Quem consegue chegar até lá já é por definição um vencedor. Vejamos o caso de Geraldo Alckmin, a quem se atribui a posse do troféu “dano irreparável” caso o eleitor não lhe dê amanhã uma chance de concorrer na final de 26 de outubro com Marta Suplicy.

Se terminar beirando os 20% como prevêem as pesquisas, na sua condição de vivente alimentado a votos, o tucano terá muito mais do que teria se tivesse ficado quieto no aguardo da legenda do PSDB para concorrer ao governo de São Paulo em 2010.

Exibiu-se teimoso, maculou a imagem de bom moço, passou a campanha às tontas sem saber direito qual história deveria contar no palanque, mas se exibiu. De todo modo está na boca do povo.

Contra isso há o argumento de que, sem a vaga no segundo turno, terá perdido a batalha interna para o governador José Serra. Além de uma meia-verdade, a assertiva parte de uma premissa falsa, pois Geraldo Alckmin nunca teve nem disputou a supremacia da influência na máquina do PSDB.

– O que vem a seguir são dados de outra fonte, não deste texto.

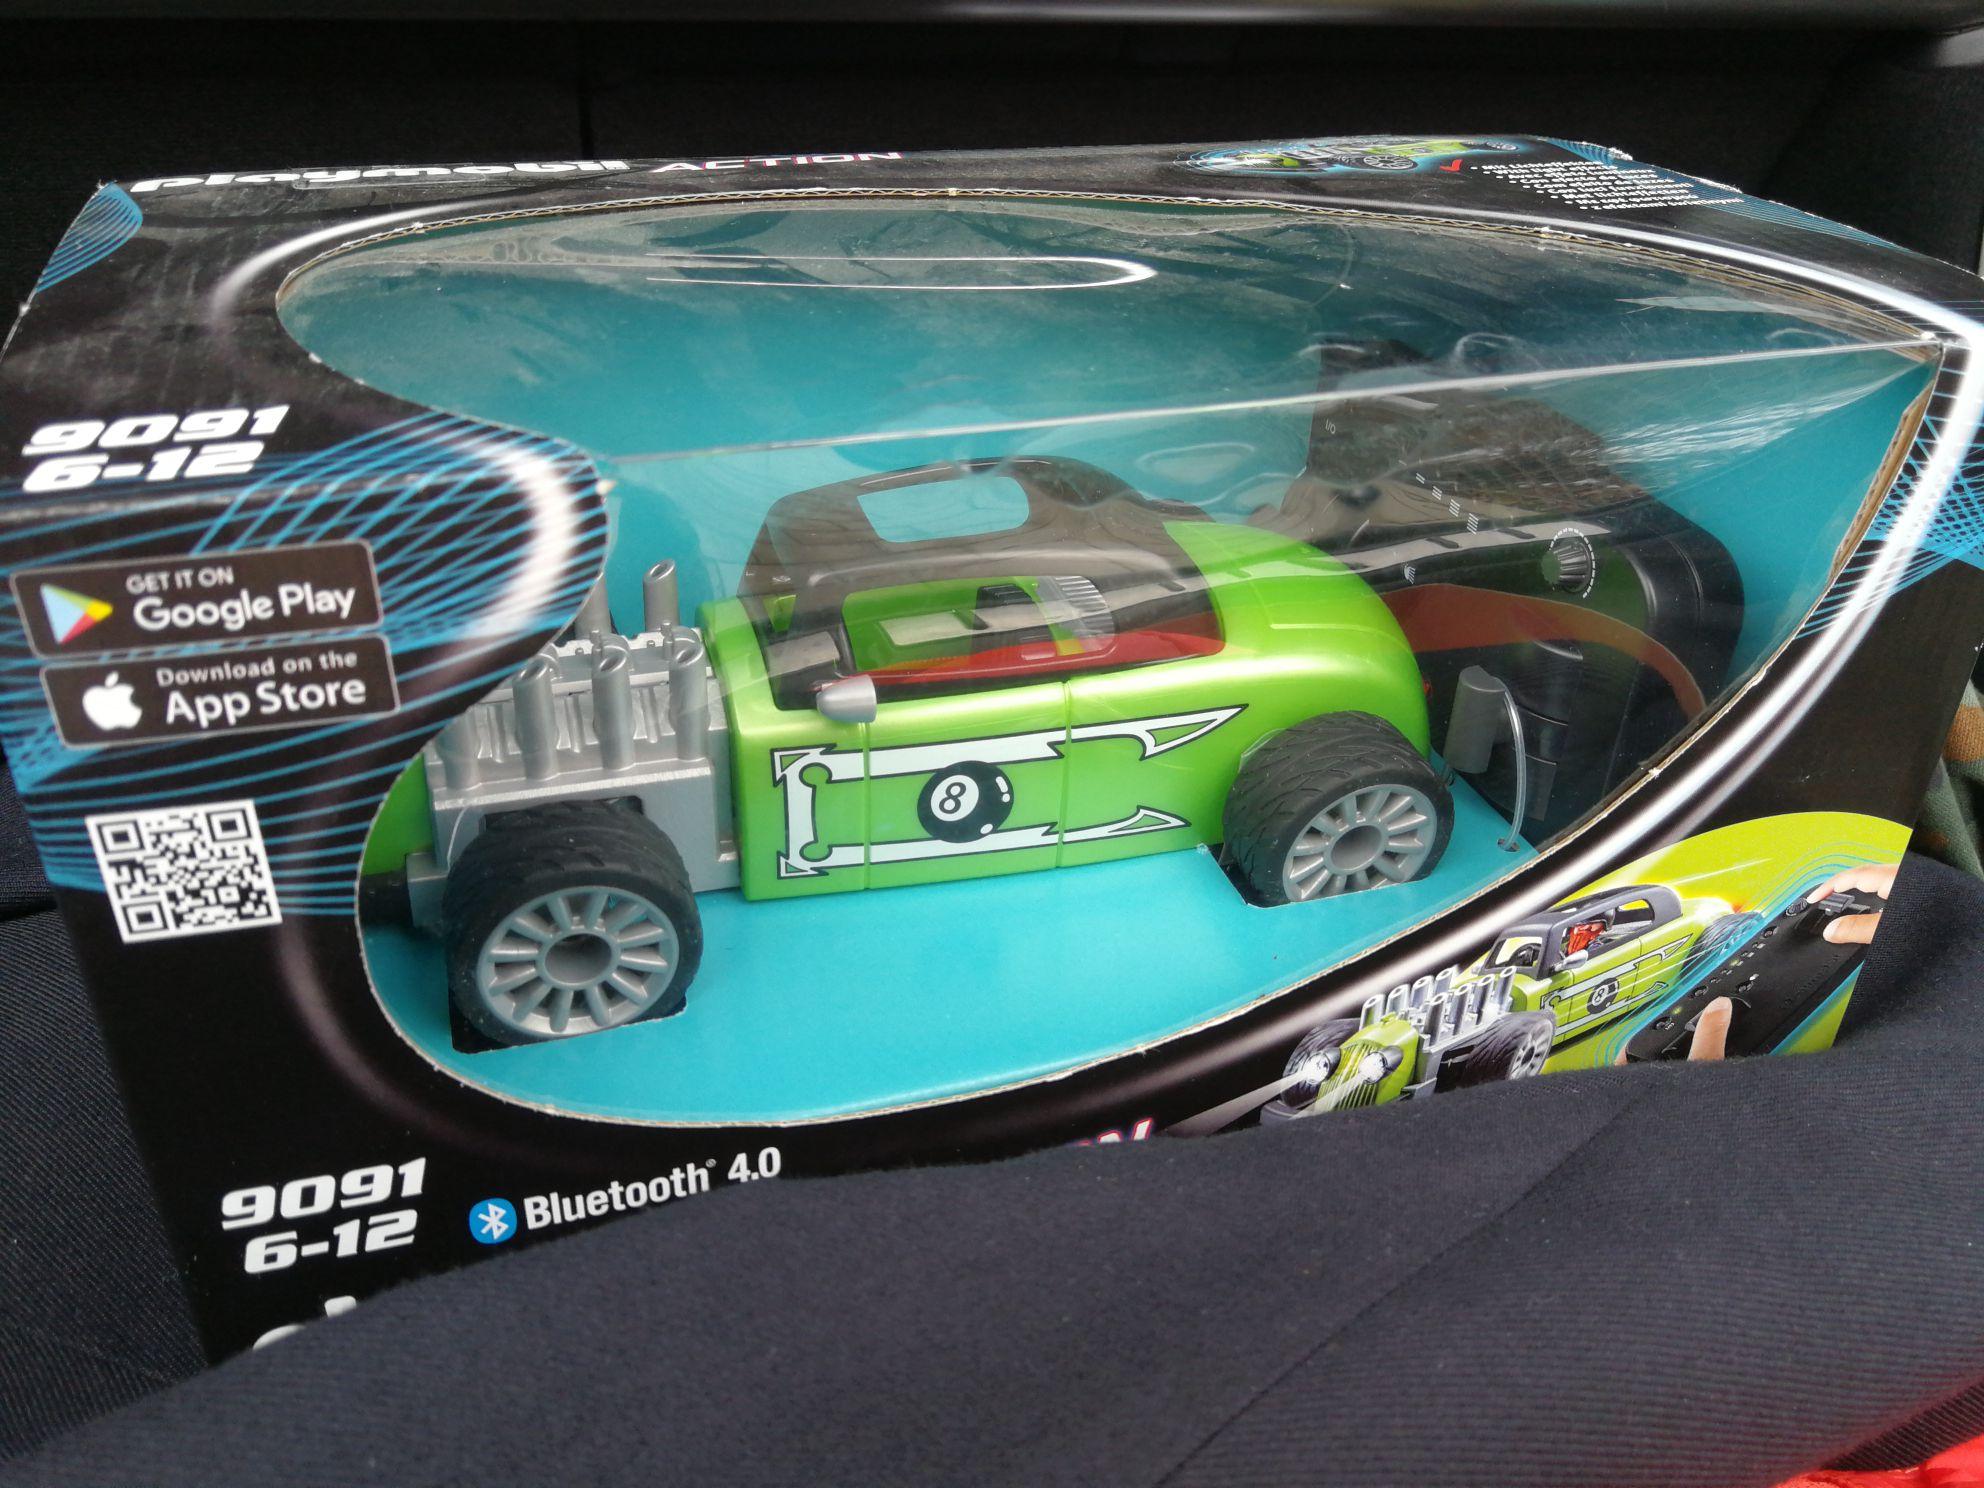 Playmobil RC Racer Rock n' Roll (Globus Koblenz)

Nas duas vezes em que bateu de frente com Serra o confronto não chegou a se realizar. Em 2006, o então prefeito queria ser candidato a presidente, mas resolveu pular fora por avaliar que corria o risco de repetir 2002, quando ignorou as resistências, foi abandonado por sessões inteiras do partido e terminou vítima da teimosia e do excesso de confiança nos índices das pesquisas.

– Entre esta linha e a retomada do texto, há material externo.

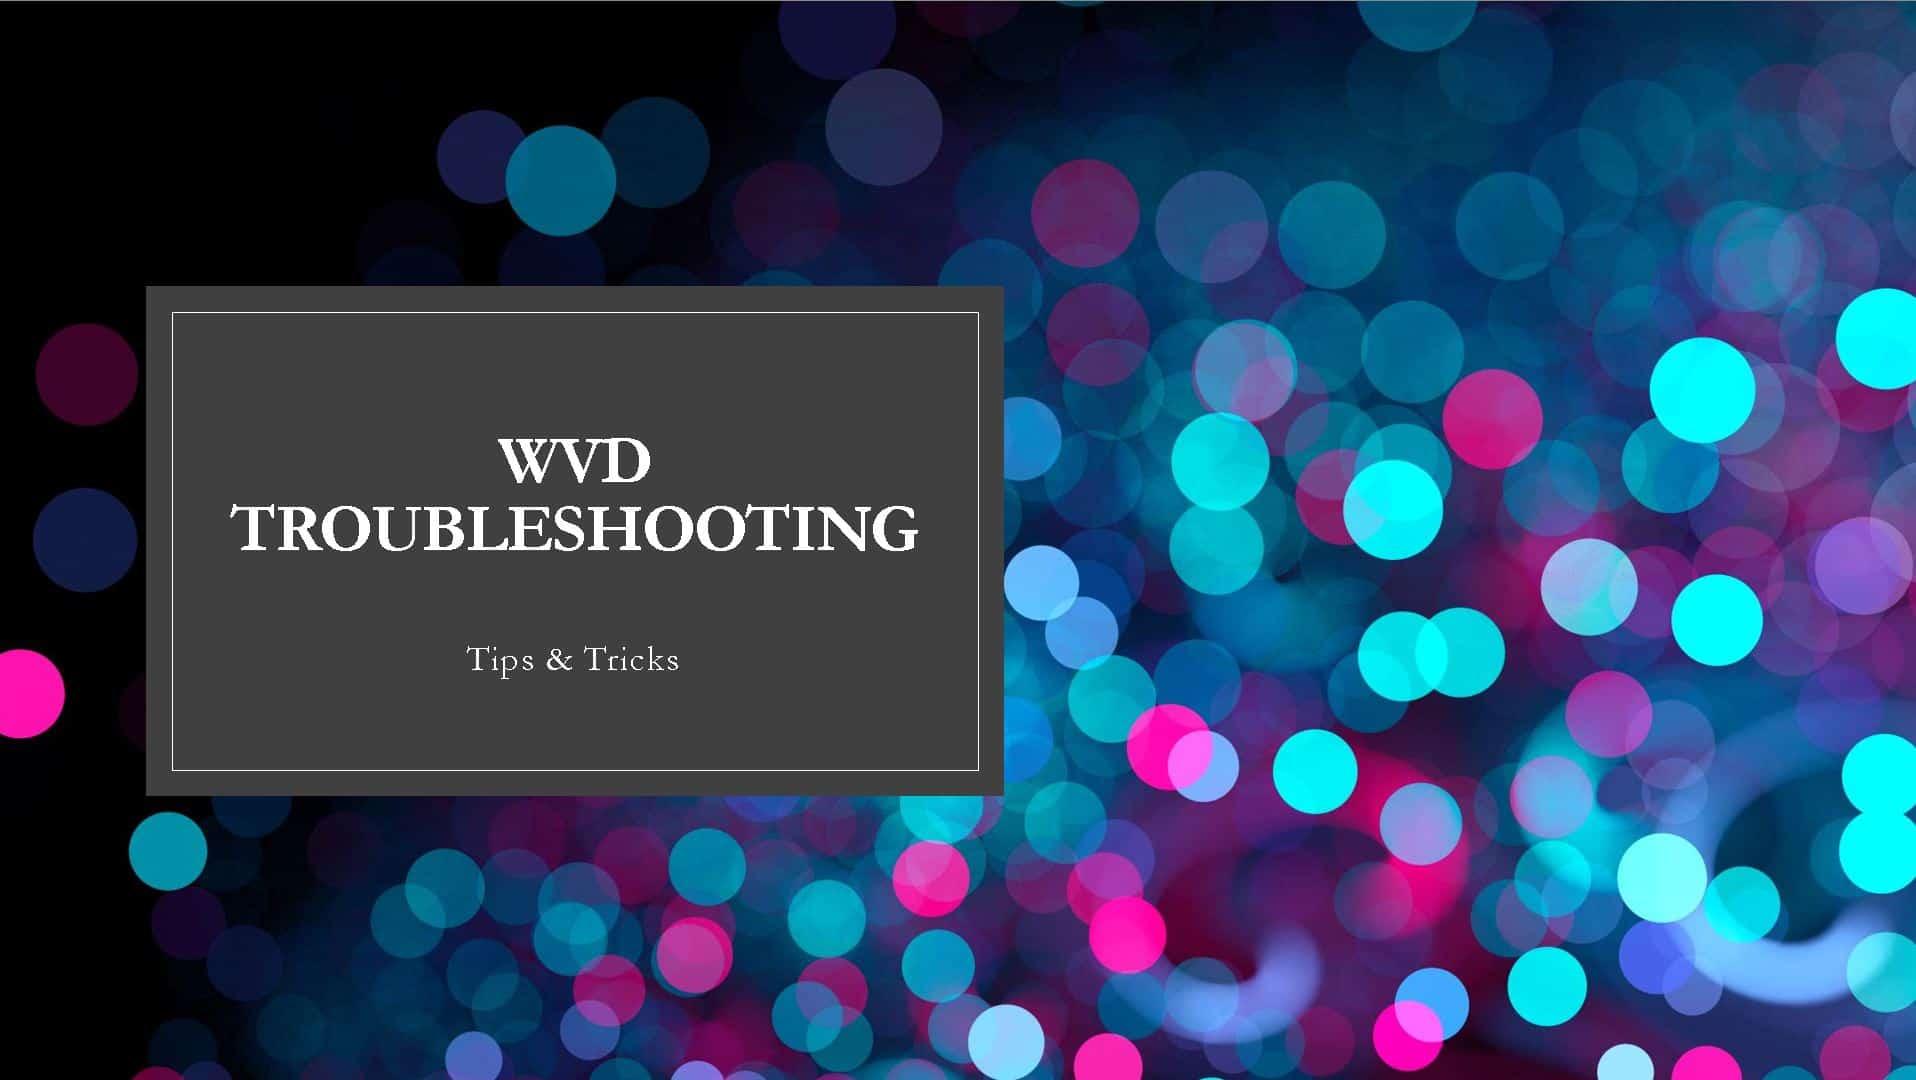 WVD Troubleshooting Tips

Em 2008, Serra poderia ter enfrentado Alckmin na convenção do PSDB e ganhado com as mesmas armas que levaram Gilberto Kassab do ostracismo à ante-sala do time de estrelas da política. Mas o custo seria enorme: ficaria com a fatura do “racha”, contrataria novos obstáculos internos e prejudicaria a “naturalidade” da construção da futura candidatura presidencial.

Geraldo Alckmin conseguiu se impor duas vezes sem medir forças, só contando com a prudência estratégica do adversário.

Portanto, ganhou mais do que se tivesse ido para casa depois de deixar o governo de São Paulo, ficando à espera do que dificilmente viria. O entendimento com o grupo do governador, como se vê pelos termos em que se expõem essas relações, era a aposta menos rentável no campo das probabilidades.

Alckmin investiu muito além da medida de seus atributos - basicamente, dois: a condição de herdeiro de Mário Covas e uma suposta “predestinação” ao sucesso - e nem de longe pode dar-se por insatisfeito com a colheita.

Na pior das hipóteses, depois de amanhã terá atrás de si a cúpula do tucanato a reverenciar o valor de seu apoio. Na melhor, será dono de um passaporte ao paraíso.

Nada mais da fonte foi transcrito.